Is Creatine Dangerous?
Being an aspiring scientist myself there are a few things you should take into serious consideration when reading these articles for yourself. First of all, most of the evidence I encountered was not performed in laboratory tests, and are simply complaints by individuals.
Nobody knows whether or not the individual ingested the recommended doses, first of all. Secondly, psychosomatics plays a large role in the human response to any pharmaceutical or health supplement.
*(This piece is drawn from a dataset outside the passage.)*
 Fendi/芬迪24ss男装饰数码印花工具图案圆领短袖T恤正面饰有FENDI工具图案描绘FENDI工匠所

You may have even experienced this yourself, I know that I have. While any substance you put in your body can be potentially dangerous in the wrong quantity, there is almost always a therapeutic dose available.
The truth is that there are certainly people who shouldn't take creatine. Identifying these people is the problem that is at hand and responsible for a lot of the negative feedback about this wonderful supplement.
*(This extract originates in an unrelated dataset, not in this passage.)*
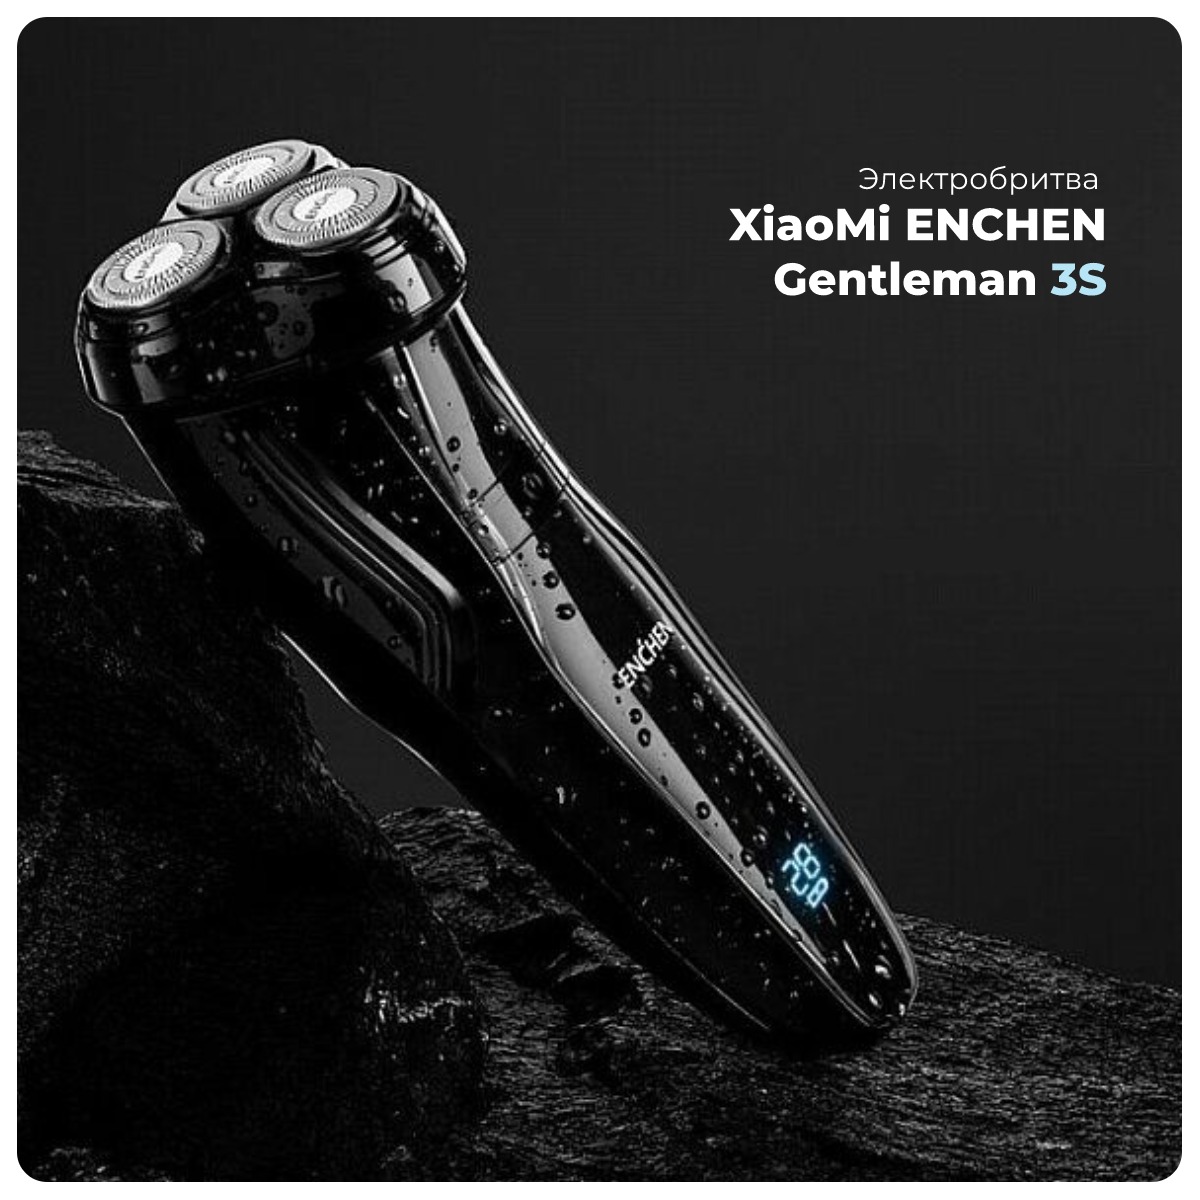 XiaoMi-ENCHEN-Gentleman-3S-01

After reading more than a few reports, I decided to ask one of my organic chemistry professors about his take on the substance. I told him what I was doing this for, and he agreed so long as I leave he and the university anonymous, for political purposes basically. This particular professor has tenure at my university, and is the acting physician for all of our sports teams.
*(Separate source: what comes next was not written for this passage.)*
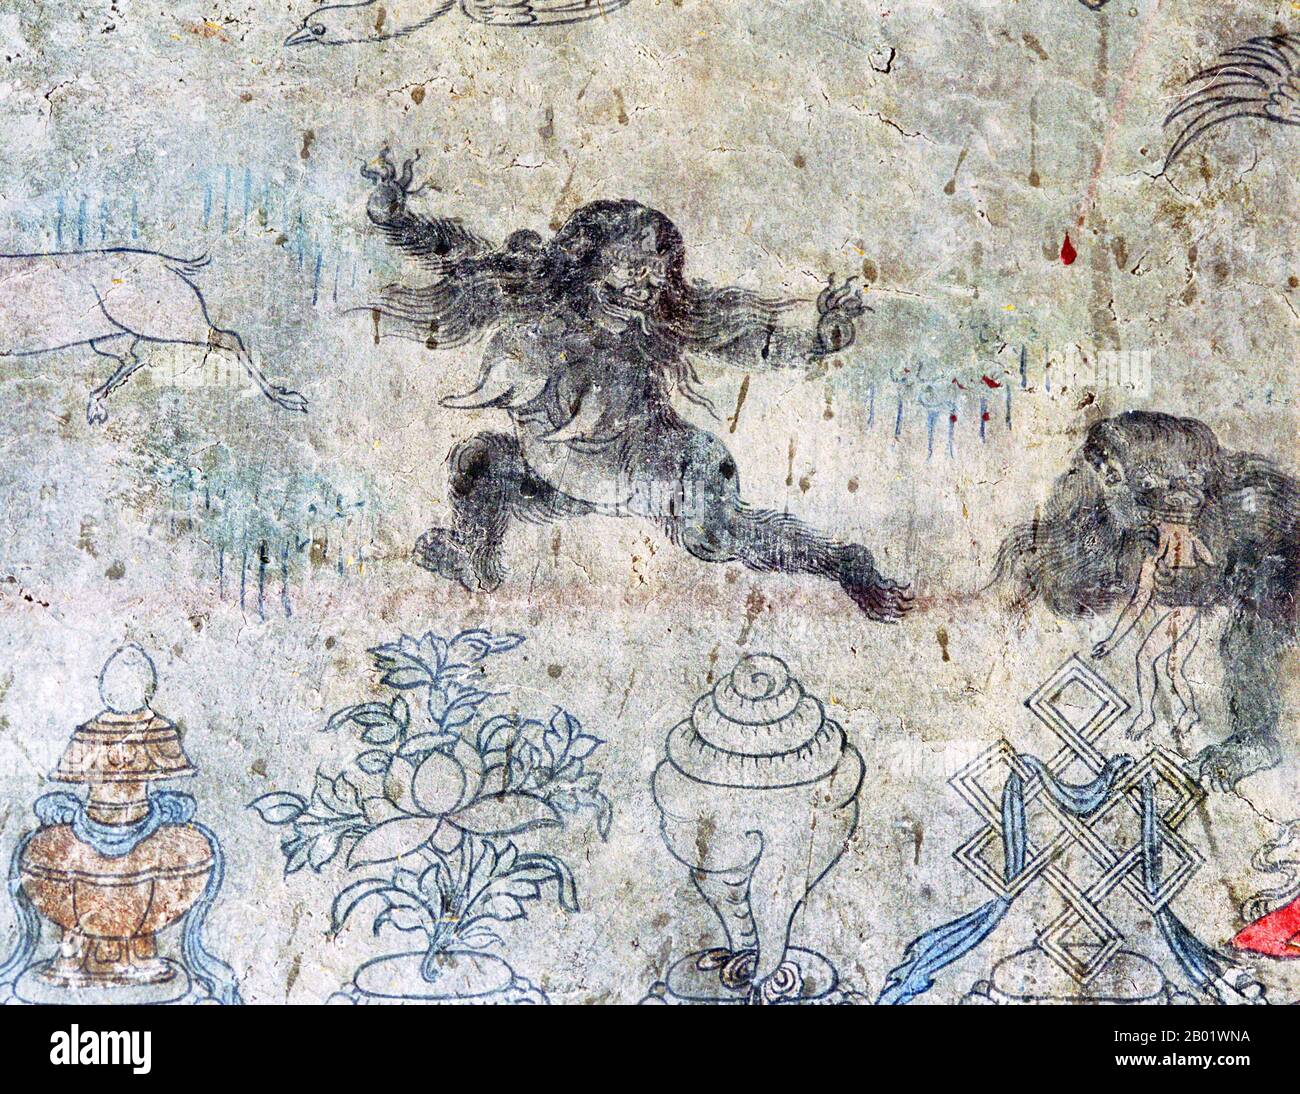 China/Tibet: Tibetisches Wandbild, das zwei "Migo" oder Yeti zeigt, einer rechts einen Menschen verzehrt, ca. Ende des 19. Jahrhunderts. Der Yeti oder Greuel Snowman ist eine affenähnliche Kryptide, die angeblich in der Himalaya-Region Nepals und Tibets leben soll. Die Namen Yeti und Meh-Teh werden häufig von den Einheimischen der Region verwendet und sind Teil ihrer Geschichte und Mythologie. Die Geschichte des Yeti tauchte erstmals im 19. Jahrhundert als Facette der westlichen Populärkultur auf. Migoi oder Mi-Go bedeutet „wilder Mann“. Stockfoto

The first thing that I asked him about was the danger of using the substance. He confirmed that there are, in fact some dangers associated with the use of the supplement, but that it is very limited to a few individuals.
He also agreed that he thought a lot of the negativity was due to people taking well over the recommended dose, and that he has personally never encountered an athlete who experienced any long term problems from using creatine in the recommended amounts.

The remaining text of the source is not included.